Bir anda bizden başka herkesin bileğinde üstünde otelin logosu olan pembe plastik bileklikler olduğunu fark ettik. Hakan hemen işi pişkinliğe vurdu.
“Yok biz takmıyoruz. Güneşte beyaz iz bırakıyor, hoş olmuyor sonra…”
Adam şüpheli şüpheli baktı. “Oda numaranız?”
İşte şimdi hapı yuttuk derken bizimki “Bin yüz yirmi beş,” diye bir sayı uyduruverdi.
O böyle der demez adam benim koluma yapıştı. “Bu otelde öyle bir oda yok, sizi zibidiler,” dedi.
Rezalet çıkarmanın anlamı yoktu. Kuzu kuzu adamın peşine takılıp asansörle aşağı inmeye başladık. Bizi resepsiyonun arka tarafına geçirip genişçe bir odaya soktu.
“Bu iki kaçağı yakaladım müdürüm,” dedi büyük bir iş yapmış olmanın gururuyla.
Bir de baktım müdürün masasının önündeki iki sandalyede bizim güzel kokulu iki kız. Demek bu otelde kalıyorlarmış. Utancımdan yerin dibine giresim geldi.
Müdür, babacan bir emniyet amiri havasında boğazını temizledikten sonra,
“Bu gece ne oluyor yahu?” dedi. “Bak bu küçük hanımları da az önce Nevzat yakalamış.”

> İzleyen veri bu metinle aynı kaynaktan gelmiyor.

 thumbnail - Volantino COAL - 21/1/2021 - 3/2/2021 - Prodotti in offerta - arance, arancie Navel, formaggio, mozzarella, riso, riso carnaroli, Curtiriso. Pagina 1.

Biz de kızlar da utançtan nereye, kime bakacağımızı şaşırmış, başımızı öne eğmiştik. İçimden Hakan’a buradan kurtulur kurtulmaz bir temiz sopa atmaktan başka bir şey geçmiyordu. Neyse ki gece müdürü gerçekten de babacan biri çıktı. Bize hakkıyla kazanıp yemek üzerine uzun nutuk attıktan sonra, aslında polise gidebileceğini ama biz “iyi gençlere benzediğimiz” için bu seferlik affedeceğini söyledi. Tabii ceza olarak dört kişilik yemek parasını ödemek şartıyla. Cebimizden hatırı sayılır bir parayı resepsiyona bıraktıktan sonra Pi Otel’den salınıverdik.

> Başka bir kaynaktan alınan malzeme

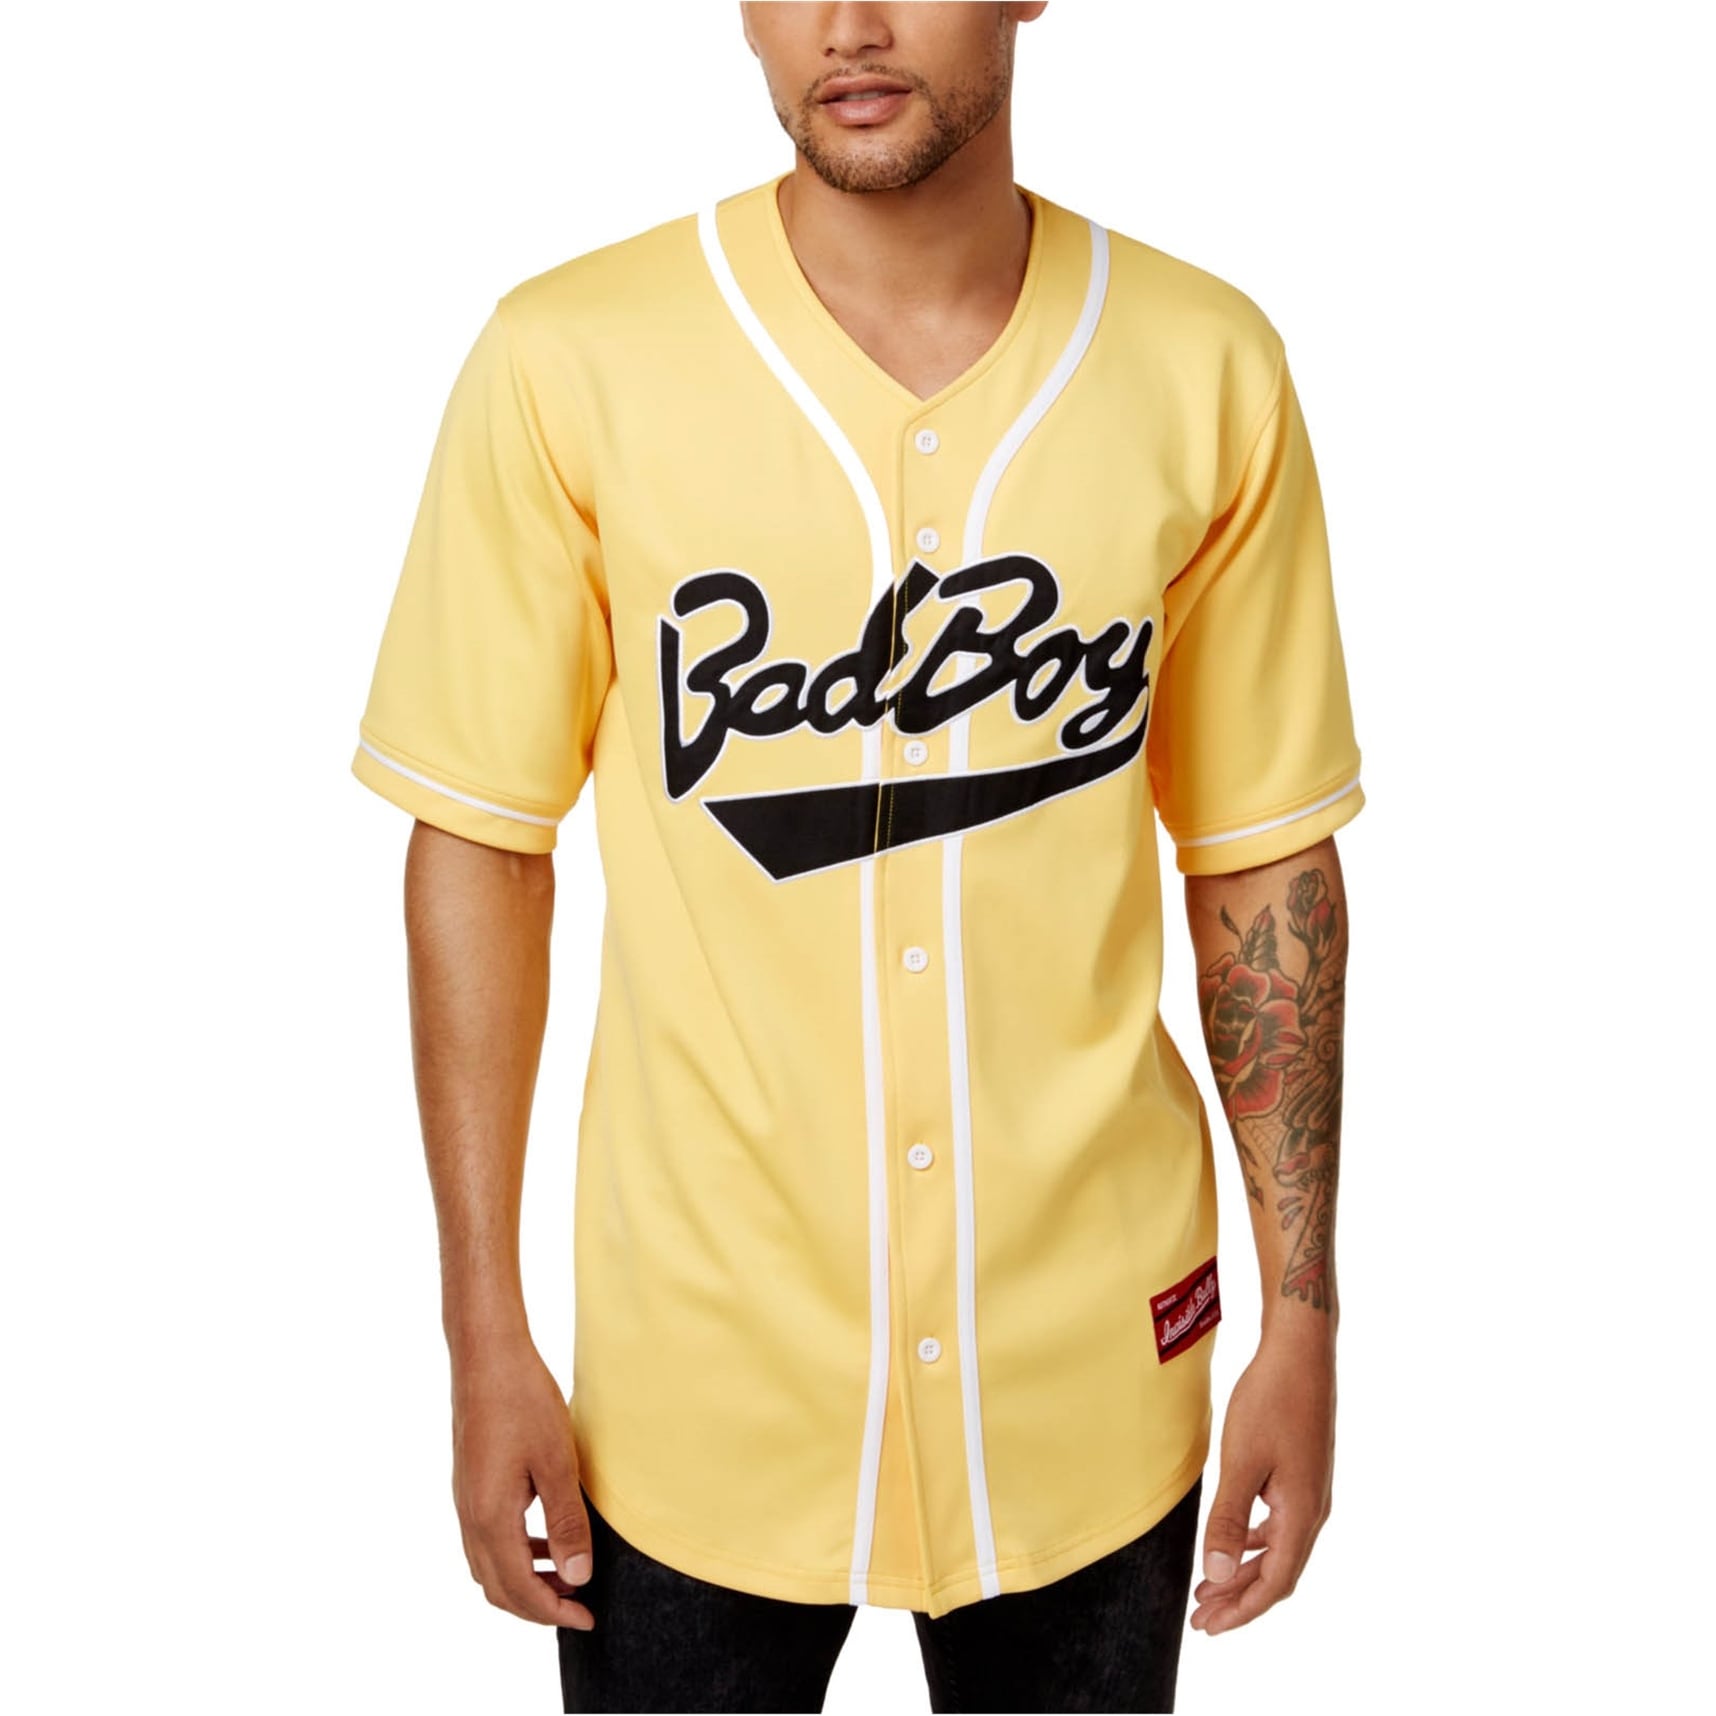 baseball jersey style shirts mens

Daha merdivenlerden inerken plajda bana gülümser gibi olan esmer kahkahalarla gülmeye başladı. Adı Emel’miş.
“Vay be, ne maceraydı ama!”
Ben sanki bunu Hakan söylüyormuş gibi bağırdım, “İştekilere anlatırsın bunu ha?”

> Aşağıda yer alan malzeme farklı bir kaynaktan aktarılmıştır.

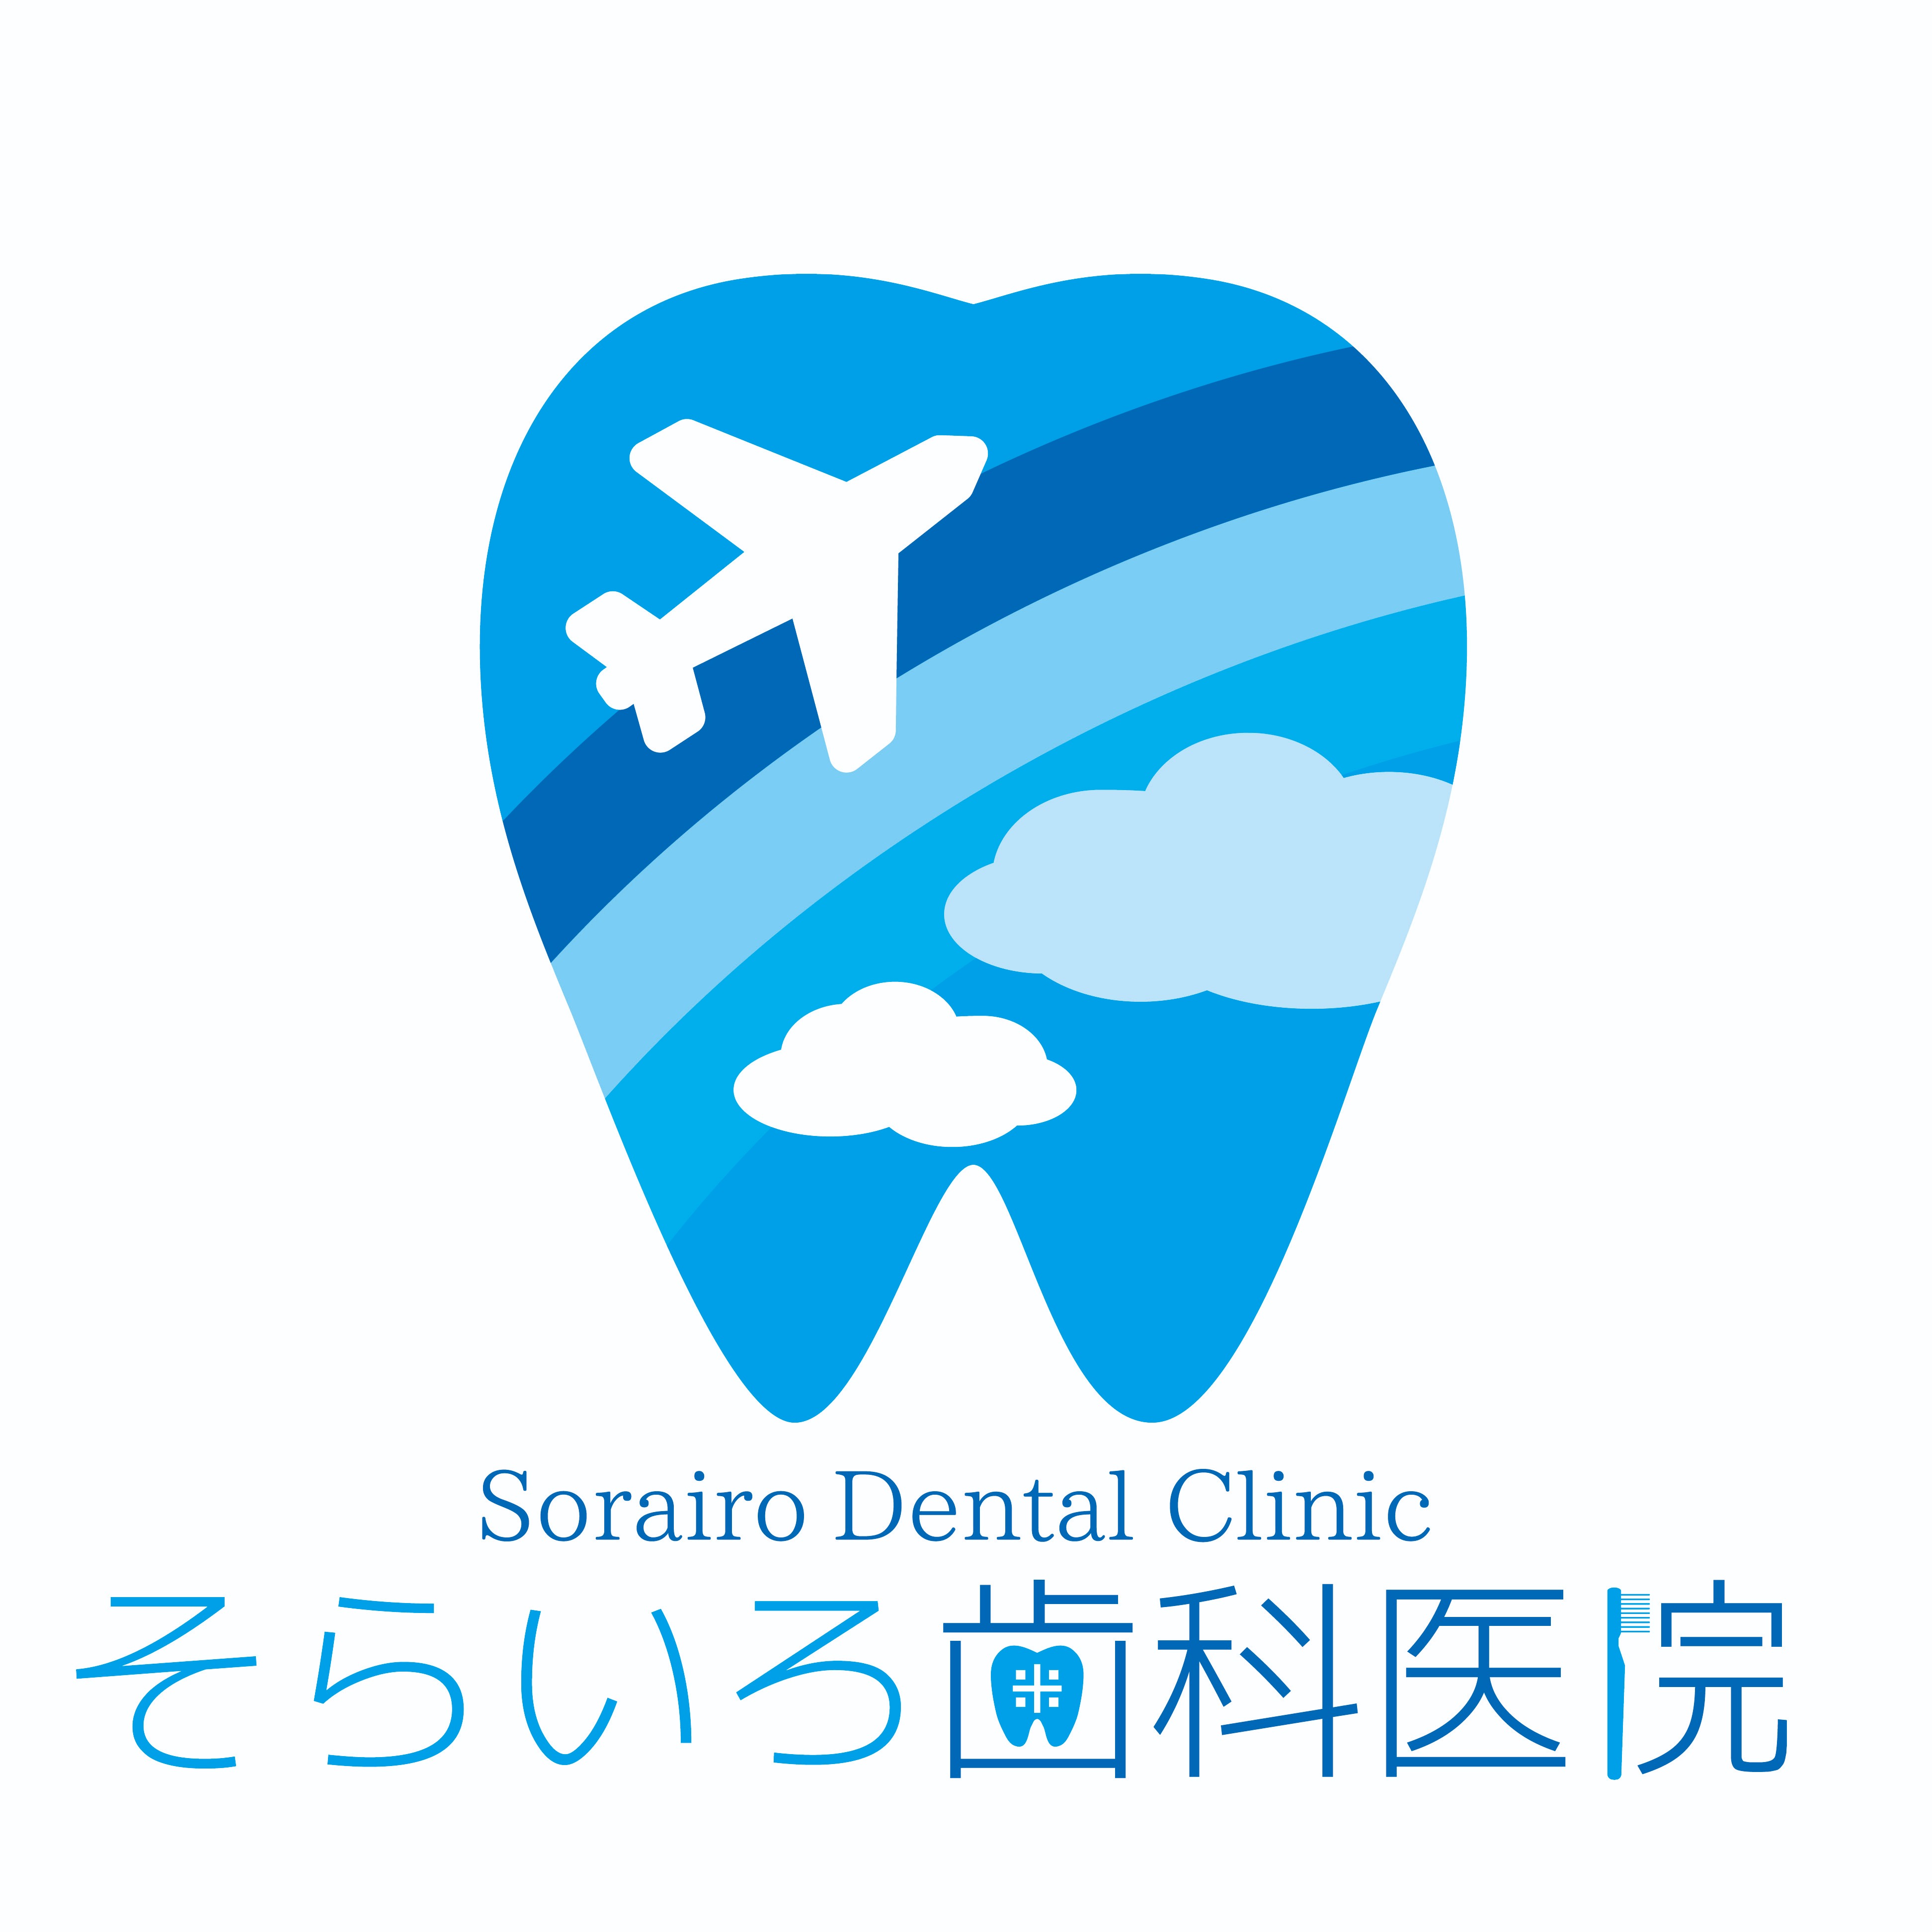 そらいろ歯科医院 Logo

Hakan elini dudaklarına götürüp sus işareti yaptı. Otelden çıktık. Sahile kadar yürüyüp bir kafede oturduk ve hep birlikte birer buzlu kahve içtik. İçimiz biraz durulunca olanları anlatıp gülmeye başladık. Meğer onlar bunu her yaz en az bir kere yapıyorlarmış.
“Heyecan olsun,” diye dedi Emel. “Ama ilk defa yakalandık.”
Sabaha karşı Hakan’la pansiyona dönerken Pi oteli çoktan unutmuş, ertesi gün kızlarla plajda buluşacağımız saate ne kadar kaldığını hesaplıyorduk.